* **Task goal**: Restate all of the following data exactly, keeping any images out of the copy.

* **Data excerpt**:
= = = =

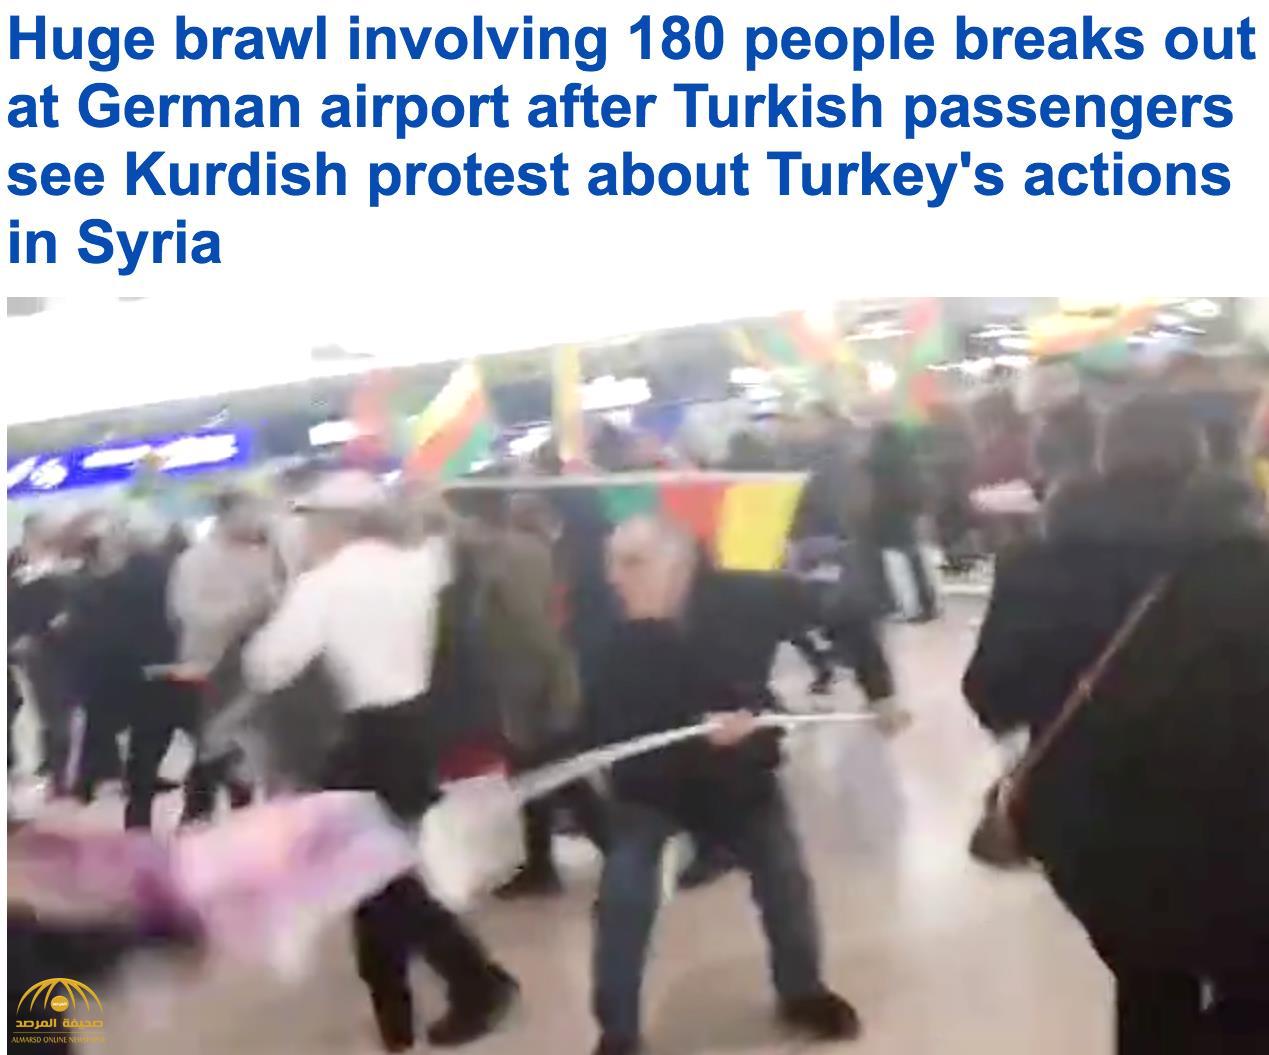 شاهد بالفيديو: أكراد وأتراك يحولون مطار ألماني إلى حلبة مصارعة بسبب عملية "عفرين"
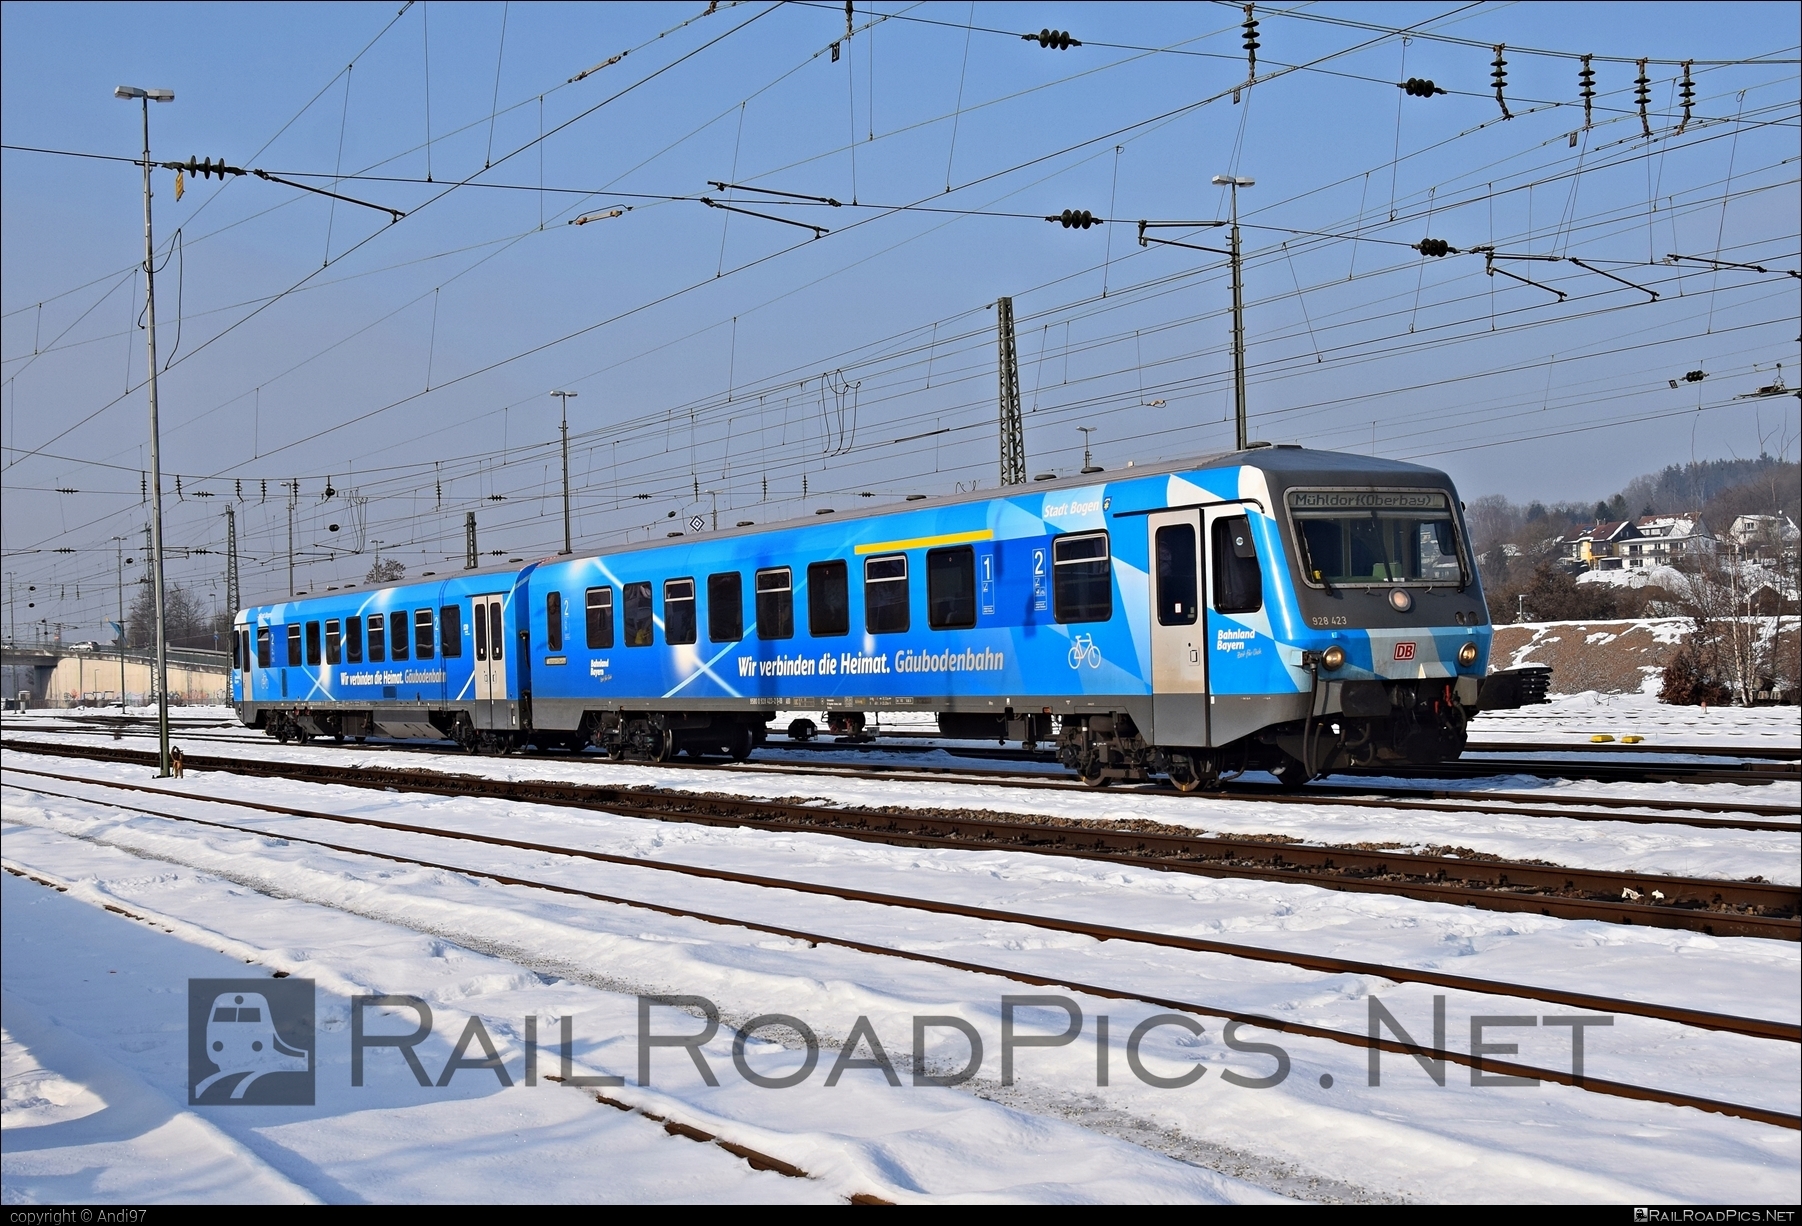 Düwag DB Class 628 - 628 423 operated by DB Regio AG #DBregio #DBregioAG #db #dbclass628 #deutschebahn #duewag #duewag628 #duwag #duwag628
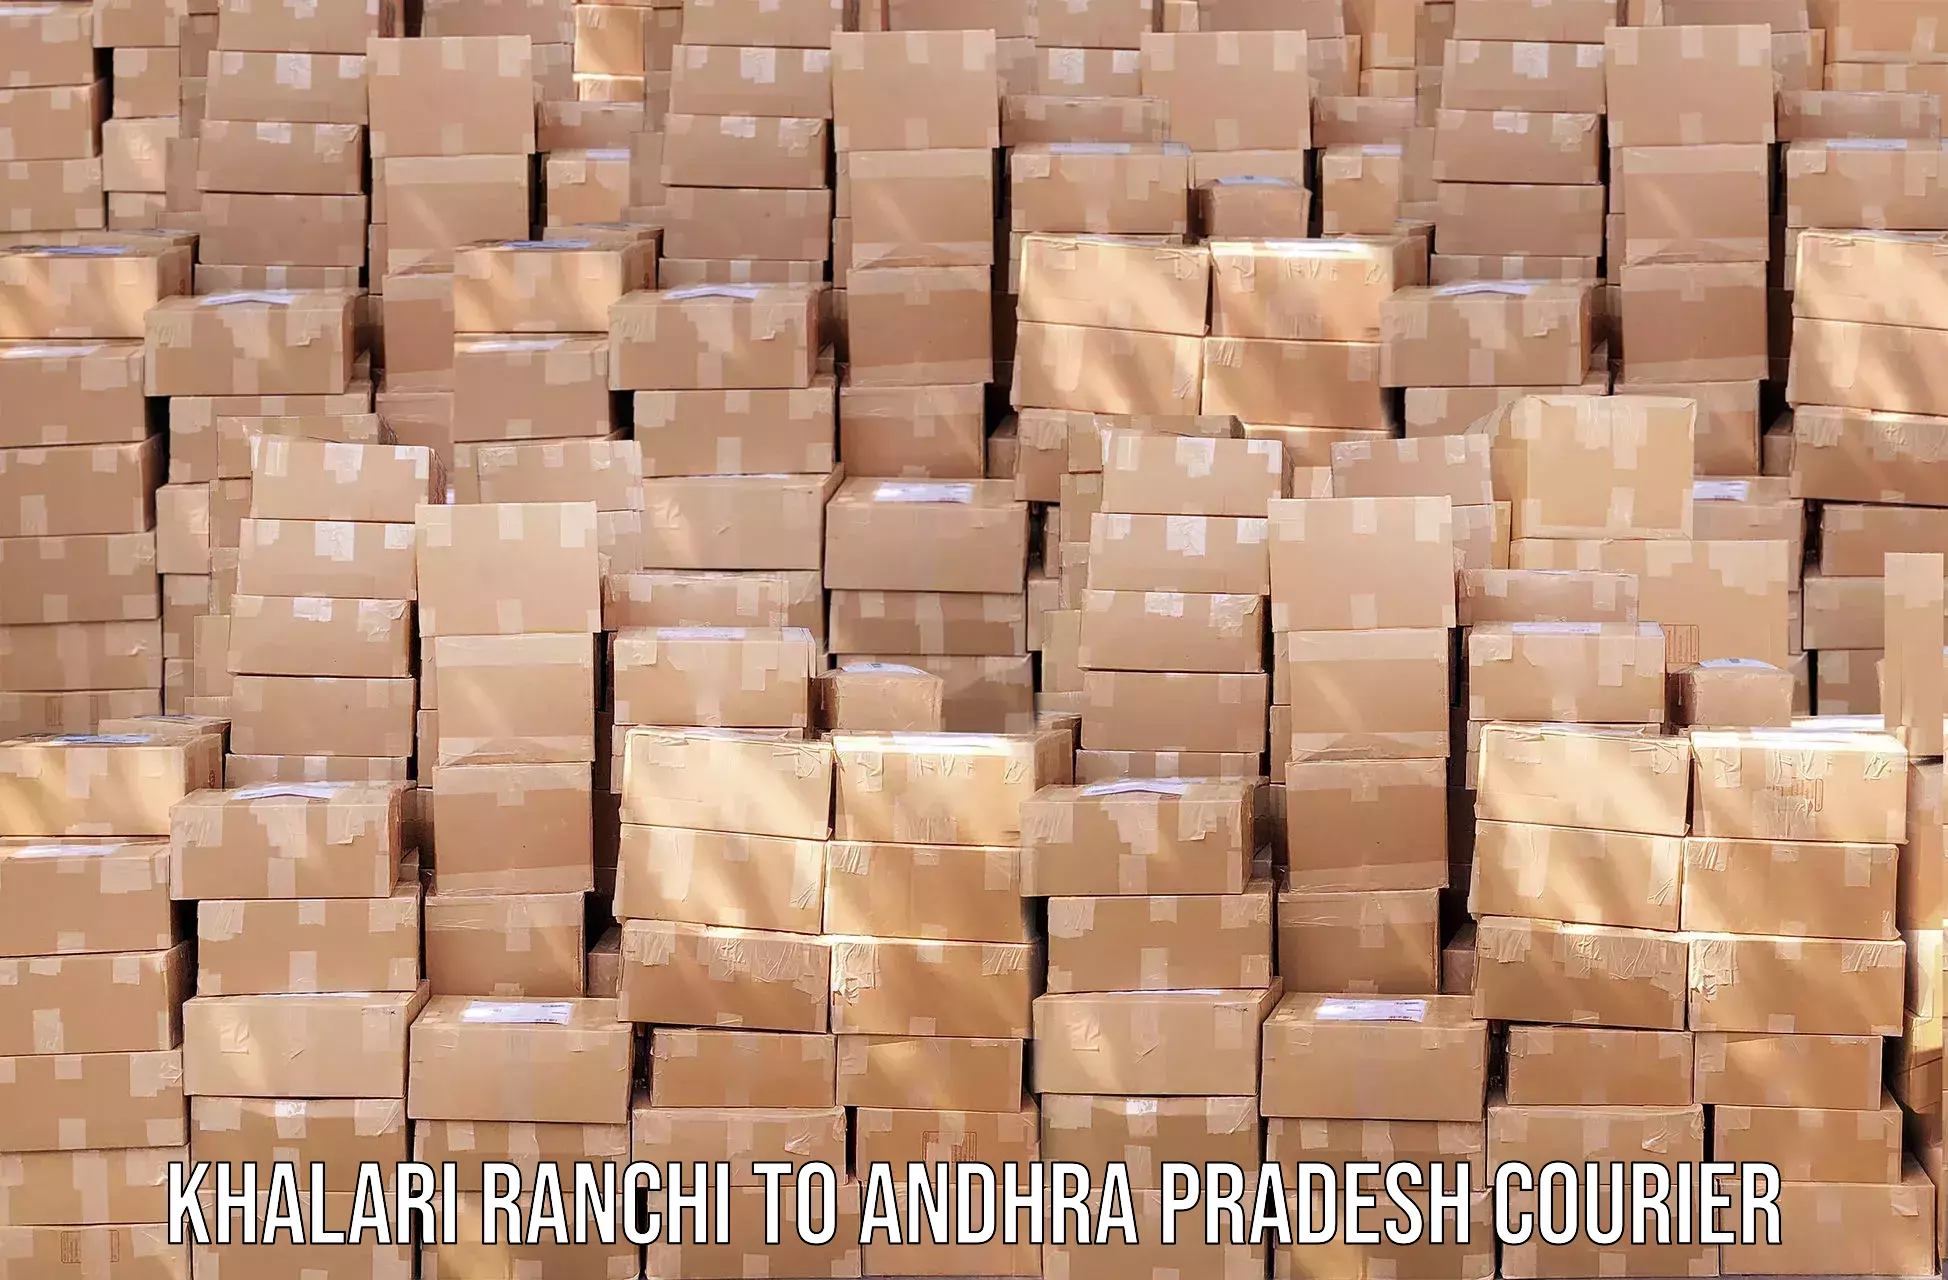 Efficient logistics management Khalari Ranchi to Andhra Pradesh

= = = =

* **Task response**:
 شاهد بالفيديو: أكراد وأتراك يحولون مطار ألماني إلى حلبة مصارعة بسبب عملية "عفرين"
 Düwag DB Class 628 - 628 423 operated by DB Regio AG #DBregio #DBregioAG #db #dbclass628 #deutschebahn #duewag #duewag628 #duwag #duwag628
 Efficient logistics management Khalari Ranchi to Andhra Pradesh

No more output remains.